Overview
$XRP continues to trade under pressure as price remains confined within a well-defined descending channel on the 4-hour timeframe. Despite minor recovery attempts, the market has failed to produce a confirmed breakout, keeping the short-term bias bearish.
As long as XRP remains below channel resistance, downside continuation remains the higher-probability scenario.
Chart Details
Asset: $XRP
Pair: XRP / USDT
Exchange: Binance
Timeframe: 4-Hour (H4)
Market Condition: Bearish Consolidation
Technical Analysis
1. Descending Channel Structure
Price action has respected a falling channel since August, indicating controlled selling pressure.
Multiple rejection points from the upper boundary confirm the strength of this bearish structure.
2. Fibonacci Confluence Levels
0.618 Fibonacci Support: 2.5572 USDT
A key structural level that previously acted as demand.

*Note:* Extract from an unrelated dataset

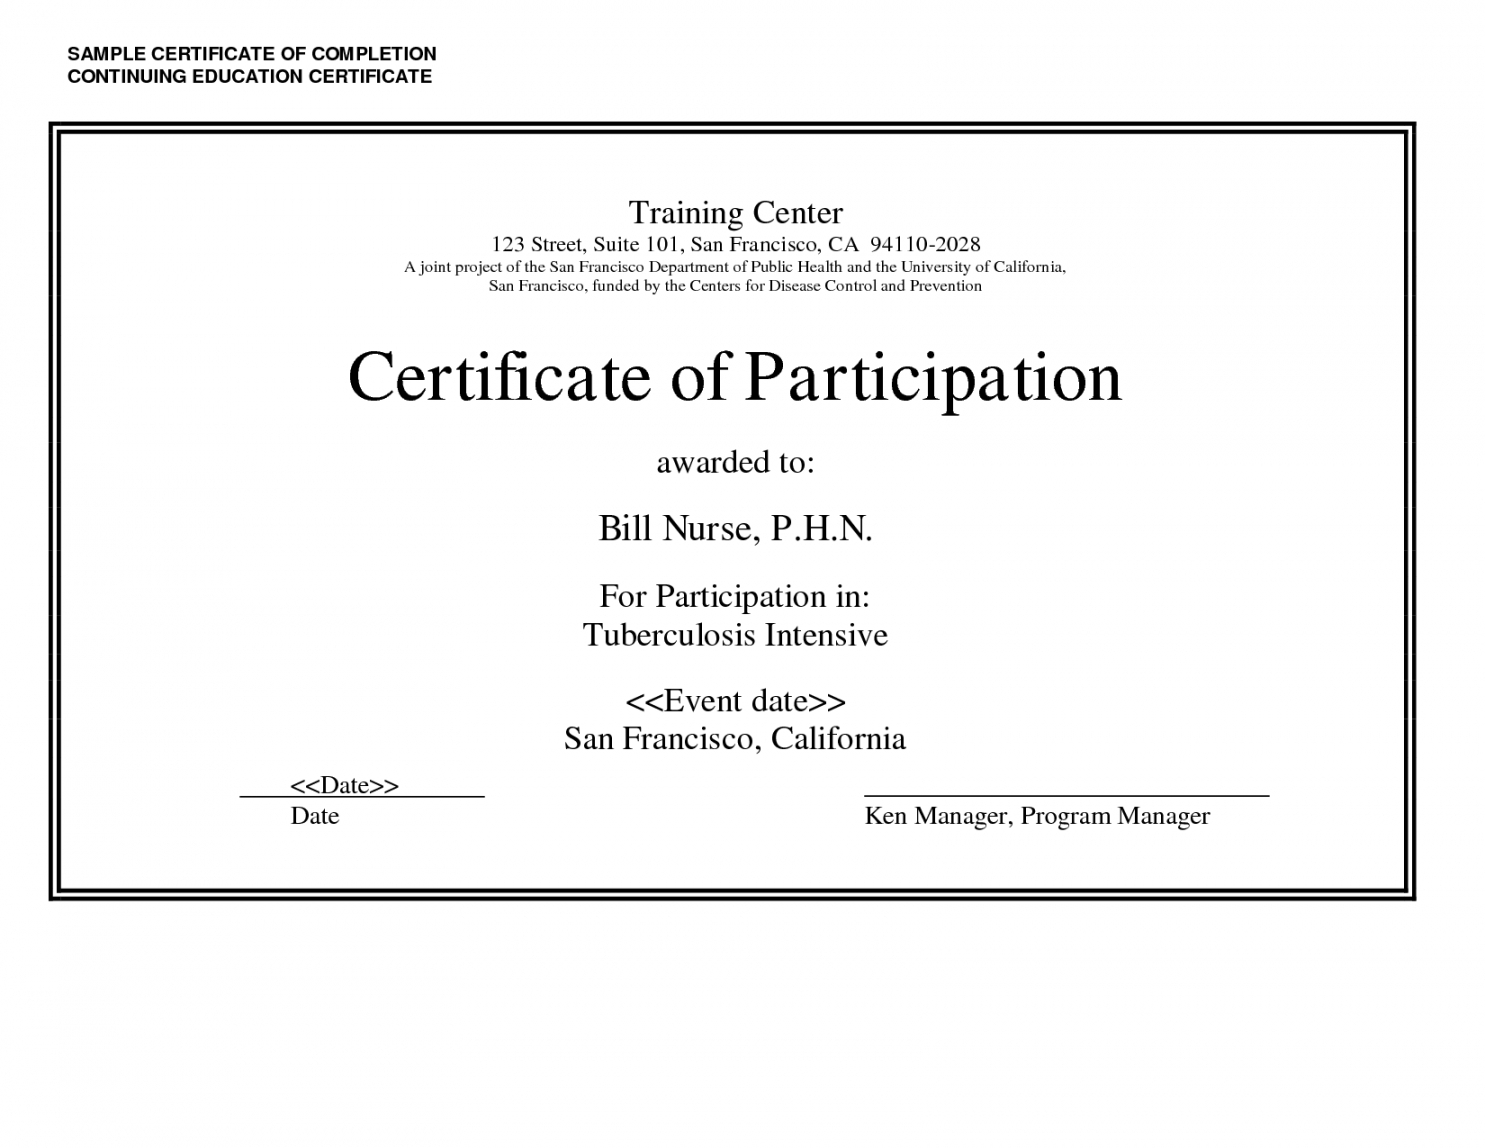 Printable Sample Certificate Of Completion Continuing For Continuing Education Certificate Template

0.236 Fibonacci Level: 1.9244 USDT
Located near the lower boundary of the channel and aligns with the projected short-term downside target.
3. Momentum Analysis
The Stochastic Oscillator is hovering near 44.00, reflecting weak momentum and a lack of bullish strength.
This reading supports the possibility of continued downside pressure rather than an immediate reversal.
Short-Term Outlook
If XRP fails to break above the descending channel resistance, price is likely to continue drifting lower toward the 1.92 USDT region. This level represents a confluence of Fibonacci support and channel structure, making it a natural magnet for price in the short term.
A trend shift would only be confirmed on a clean breakout above the channel, accompanied by improving momentum and volume.
Key Levels to Watch
Resistance: Upper boundary of the falling channel
Support: 2.5572 USDT
Short-Term Target: 1.9244 USDT
Conclusion
$XRP remains technically weak while trading inside a descending channel. Until a structural breakout occurs, bearish continuation toward $1.92 remains the dominant scenario.
📌 Always wait for confirmation, manage risk carefully, and conduct your own research.